On 1/8/16, 12:13 AM, "Bamoqi" <bam...@gmail.com
<mailto:bam...@gmail.com>> wrote:
>[Correction of the original message which contains typos in code.]
>
>Is it good for performance to put rows that are of different
types but
>are always queried together in the same table partition?
>
>My consideration is that whether doing so will result in better
>memory/disk cache locality.
>
>Suppose I need to query for 2 different types of rows for a frequent
>user request, I can use 2 tables or 1 table:
>
>2 tables:
>
> create table t1(
> partitionkey int primary key,
> col1 int, col2 int, ...
> )
> create table t2(
> partitionkey int primary key,
> col3 int, col4 int, ...
> )
>
>query-2table:
> select col1,col2 from t1 where partitionkey = ?
> select col3,col4 from t2 where partitionkey = ?
>
>1 table:
>
> create table t(
> partitionkey int,
> rowtype tinyint,
> col1 int, col2 int, ...
> col3 int, col4 int, ...
> primary key( partitionkey, rowtype )
> )
>
>query-1table-a:
> select col1,col2 from t where partitionkey = ? and rowtype = 1
> select col3,col4 from t where partitionkey = ? and rowtype = 2
>
>or alternatively, query-1table-b:
> select rowtype,col1,col2,col3,col4 from t where partitionkey = ?
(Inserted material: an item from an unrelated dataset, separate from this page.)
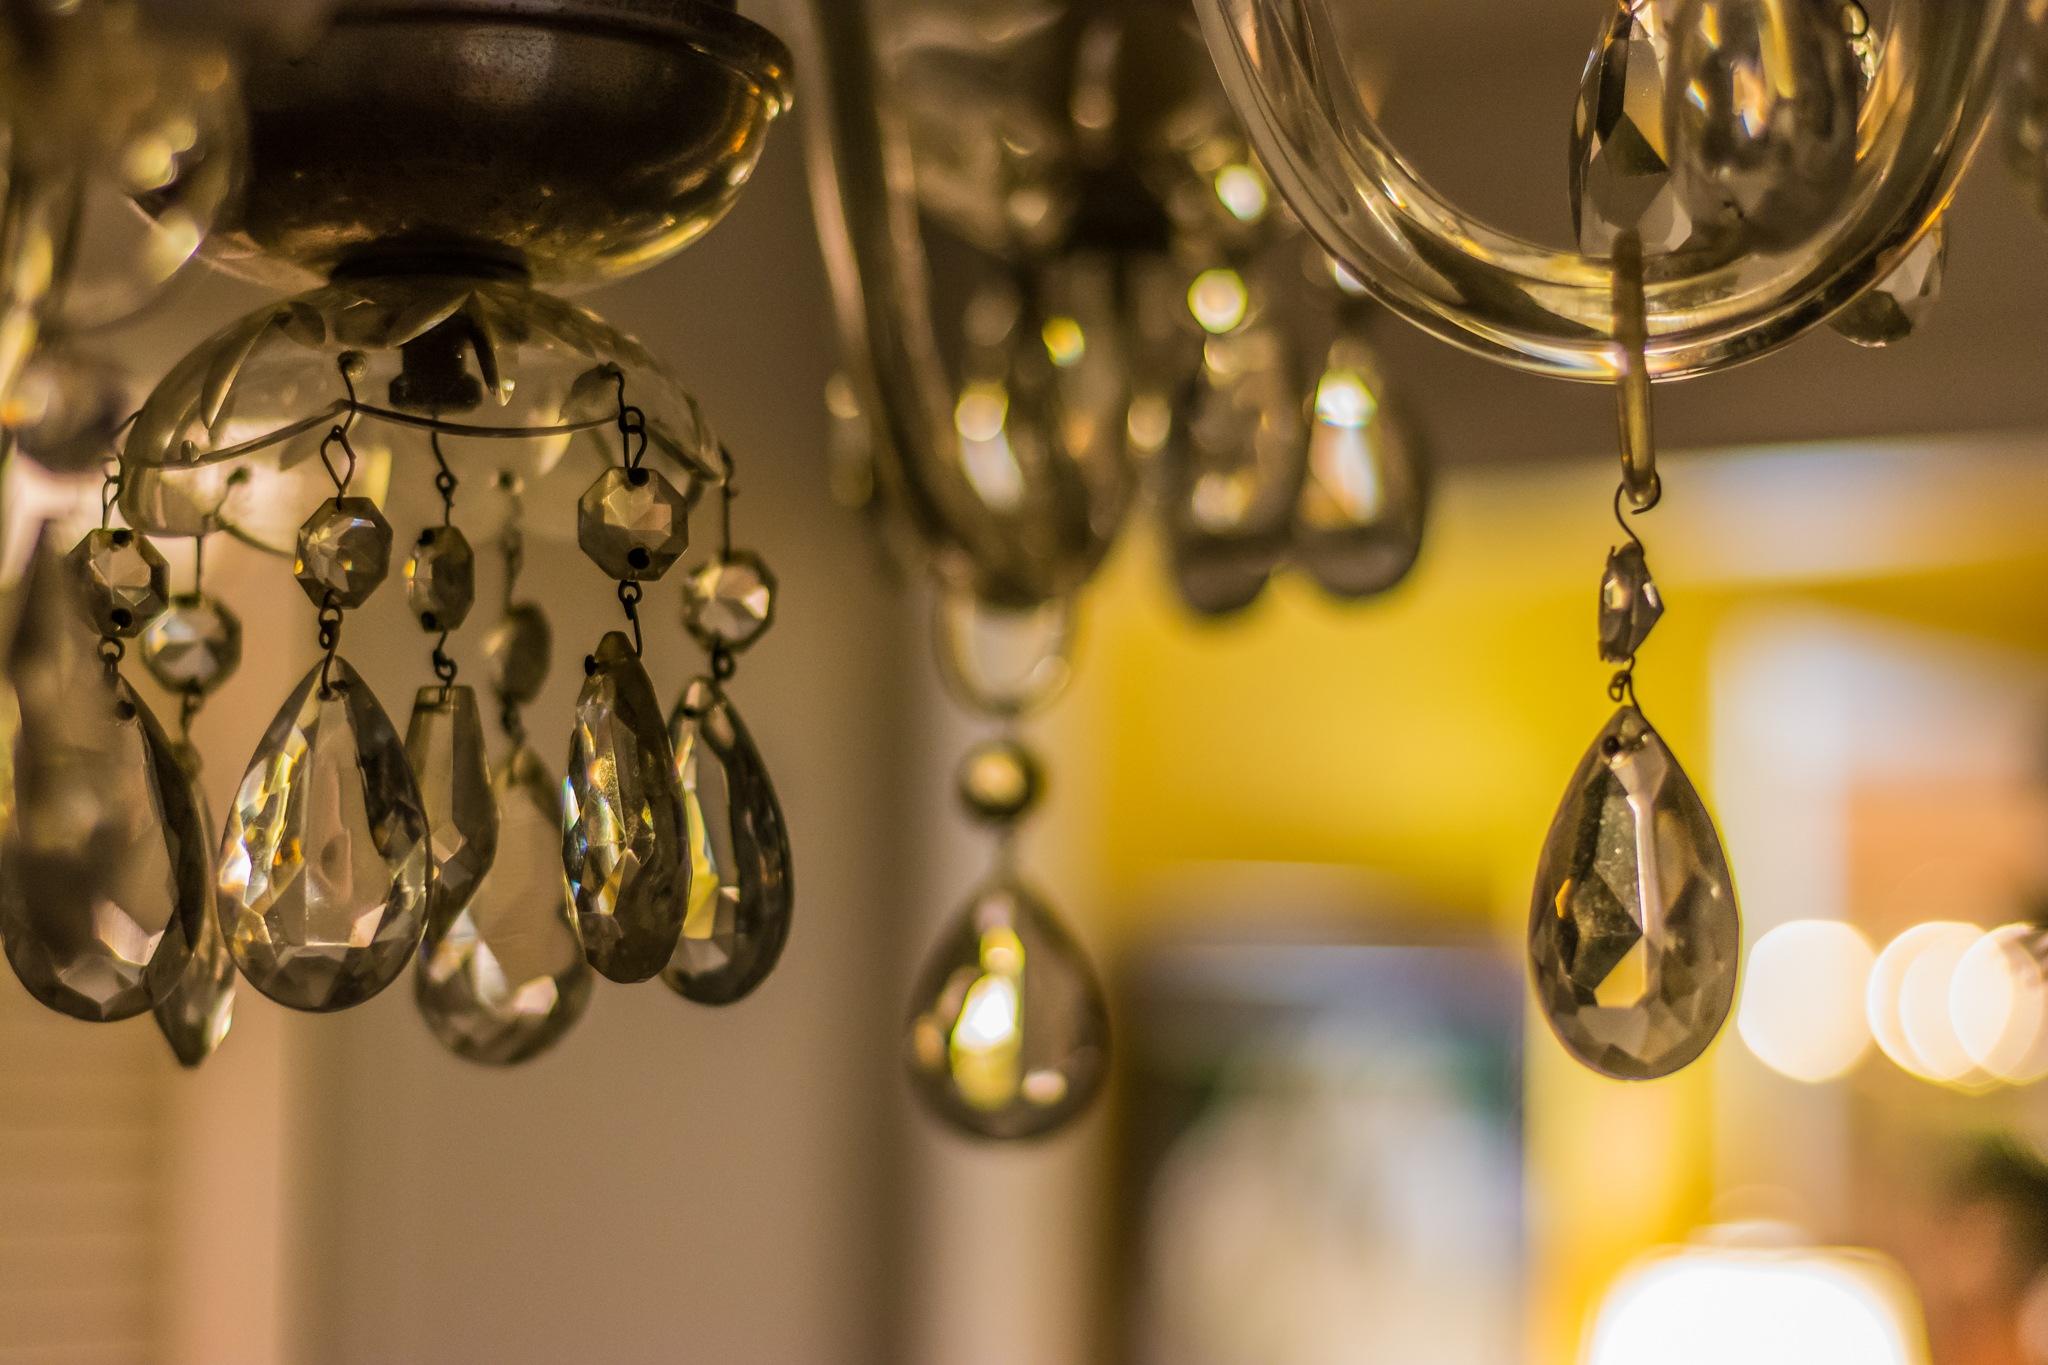 hanging glass by wacissa

> // Used columns are `null`. Switch on `rowtype` in the app code
>
>Is there significant performance difference in query-2table,
>query-1table-a, query-1table-b?
>Is the cassandra client/coordinator smart enough to direct subsequent
>queries of the same (table, partitionkey) to the same node so
they can
>reuse a cached page?
>
>Regards & Thanks